• [Collected material]:
= = = = =
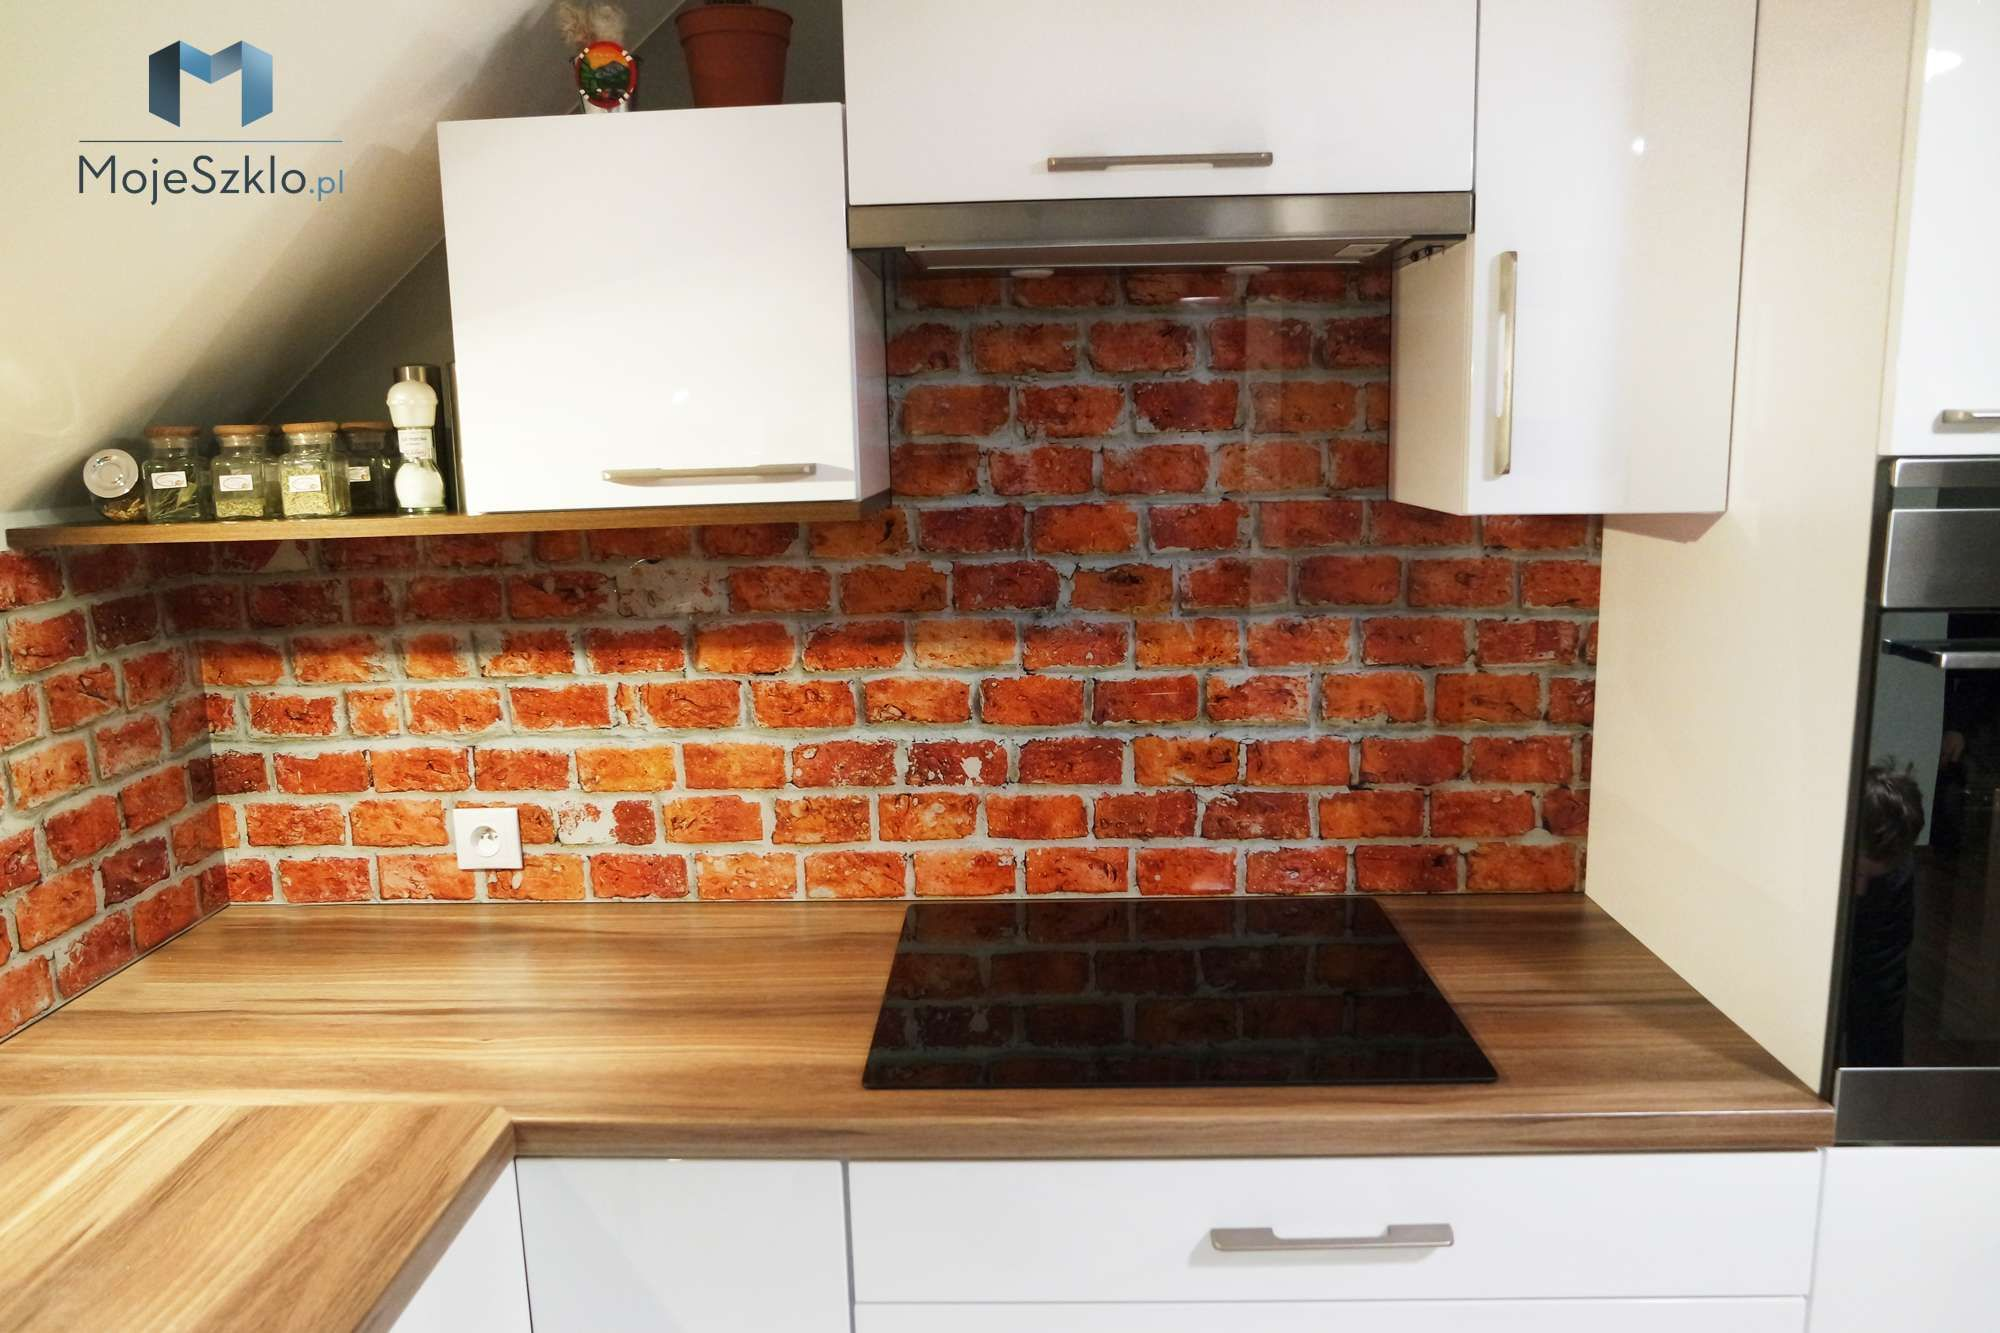 Szklane Panele Cegly Home Decor Flooring Decor
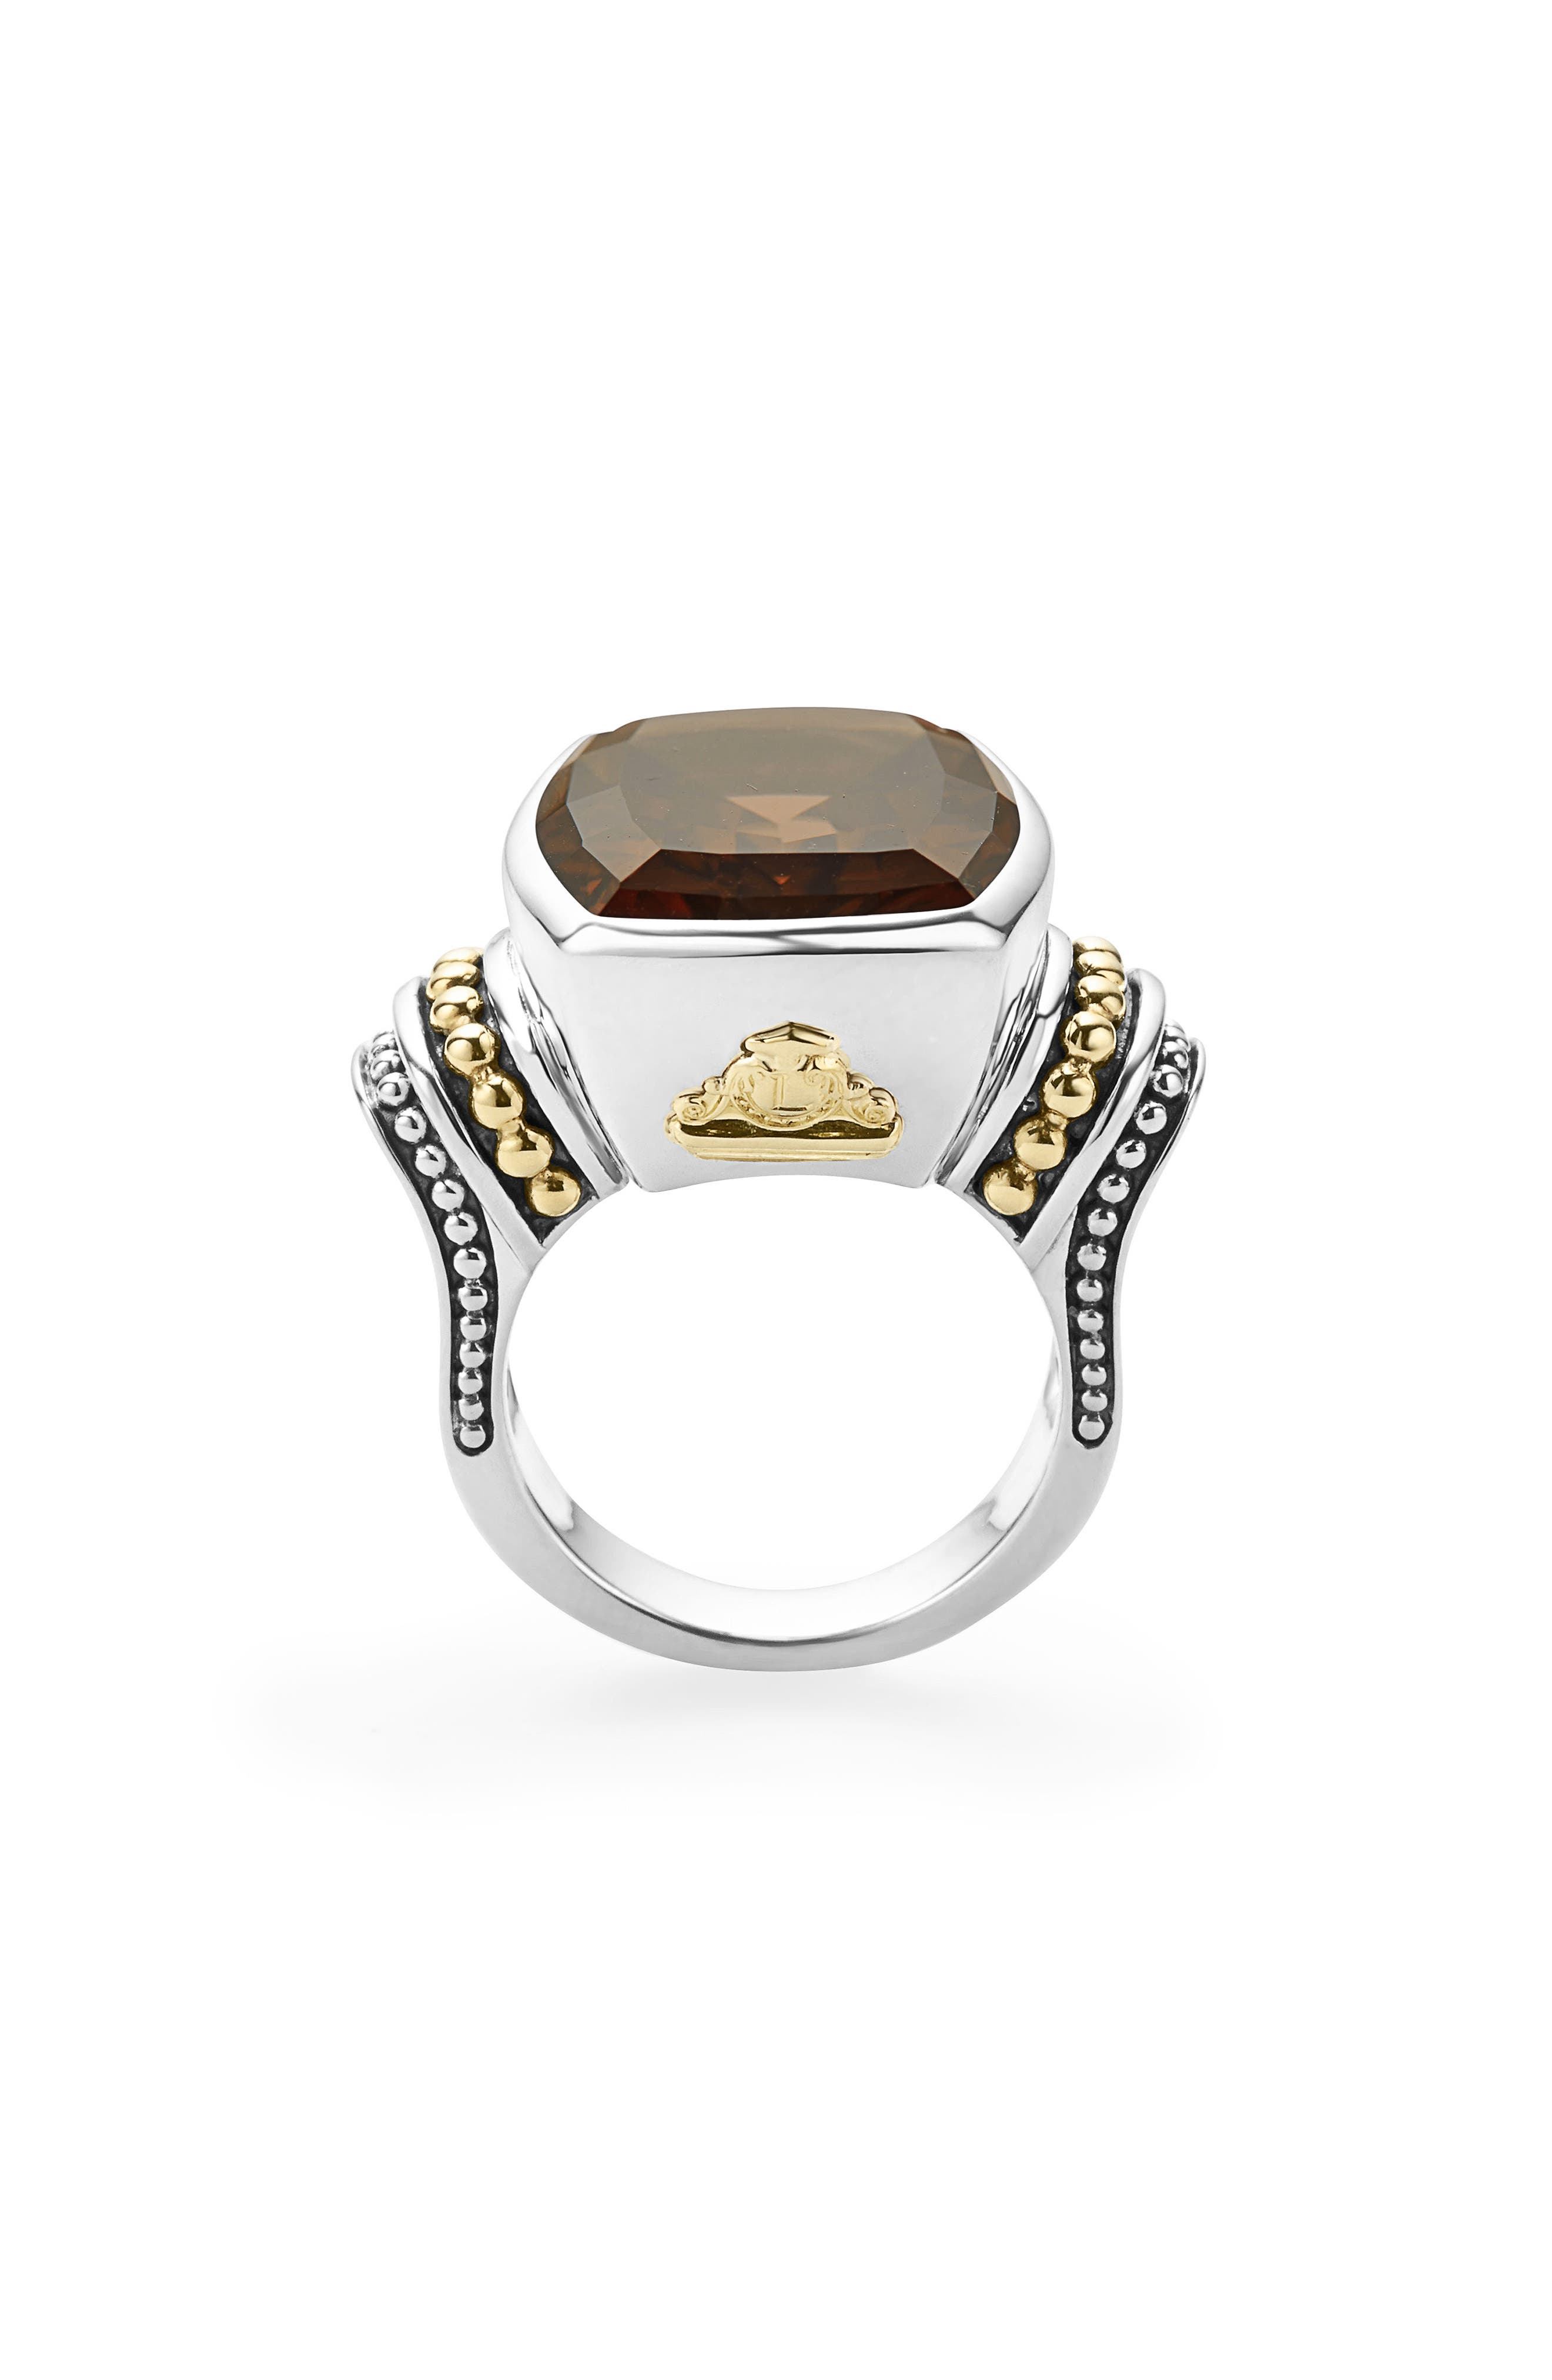 'Caviar Color' Large Semiprecious Stone Ring,                             Alternate thumbnail 3, color,                             Smokey Quartz
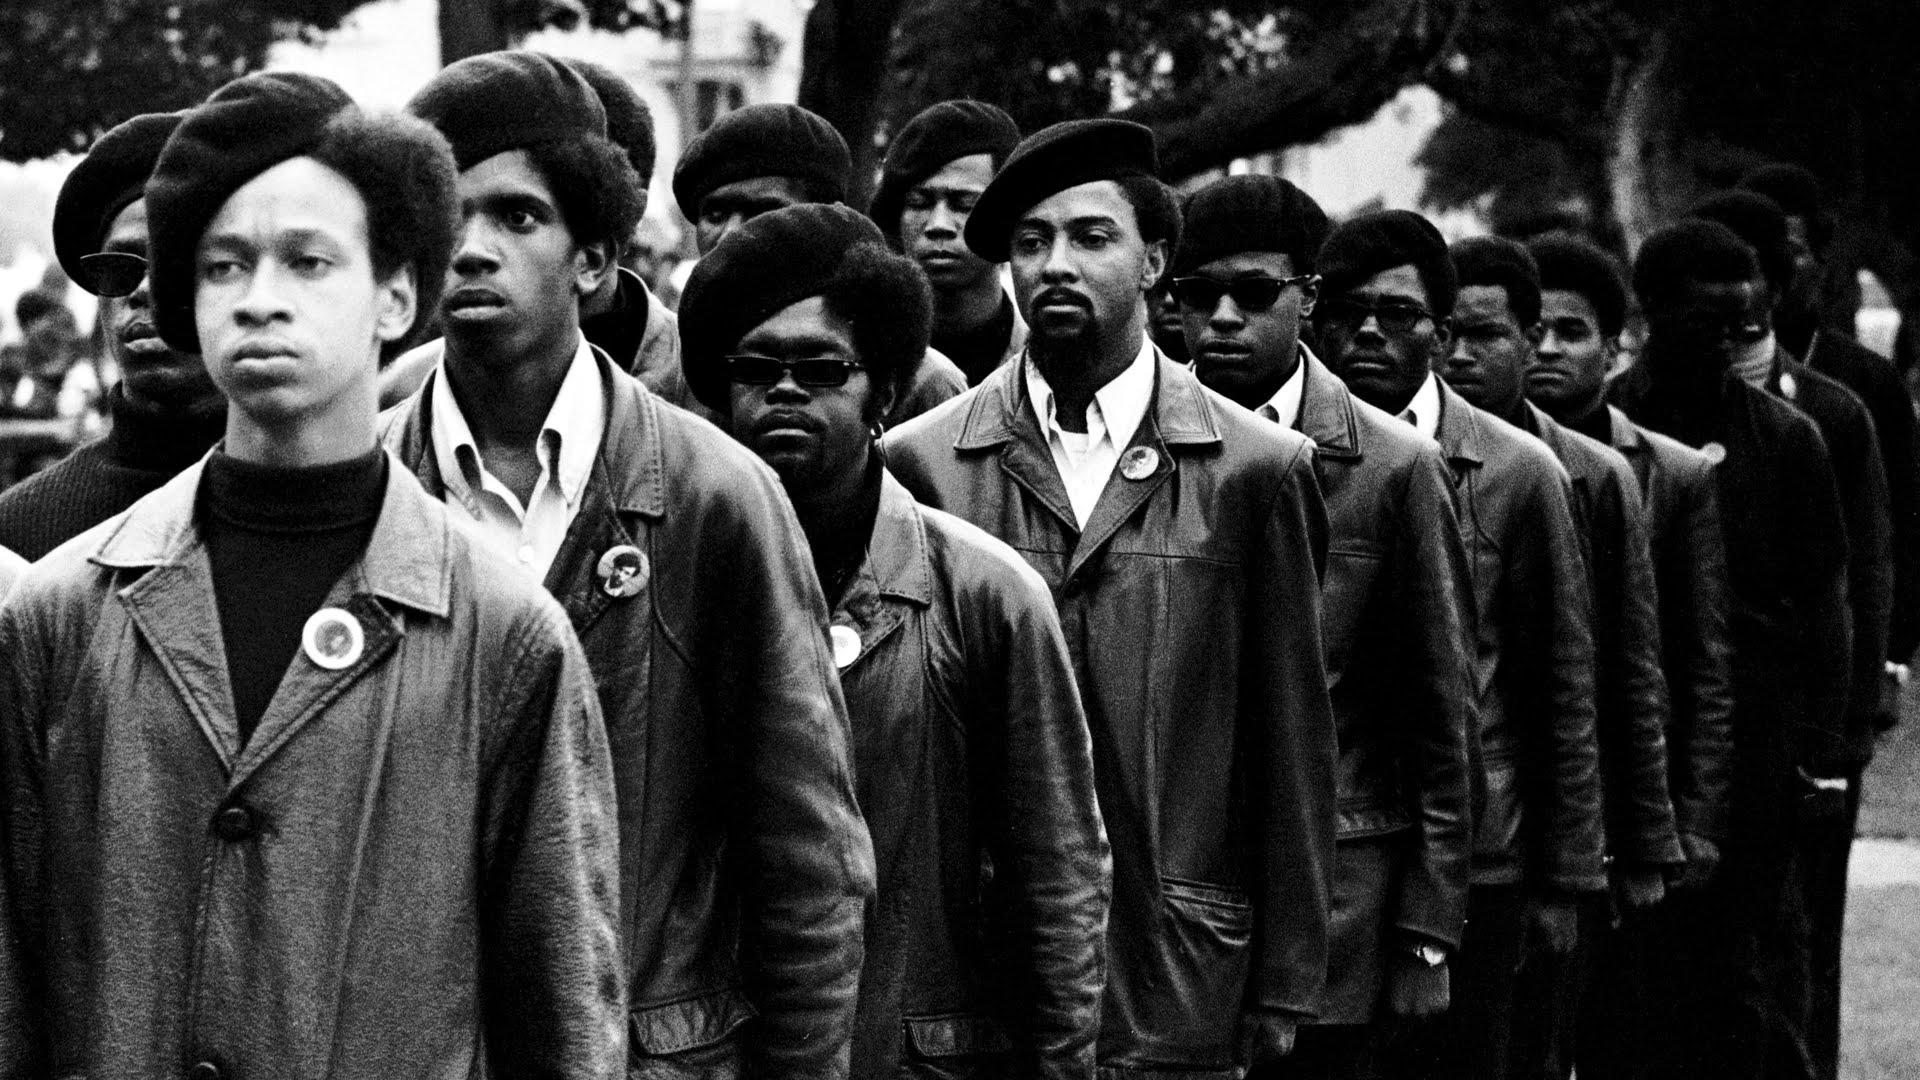 VEN 21 APR – Documentari al CISIM: Black panthers: vanguard of the revolution
= = = = =
Set the lines above down again, word for word, from the first through the one containing "Color' Large Semiprecious"; pictures excluded.

 Szklane Panele Cegly Home Decor Flooring Decor
 'Caviar Color' Large Semiprecious Stone Ring,                             Alternate thumbnail 3, color,                             Smokey Quartz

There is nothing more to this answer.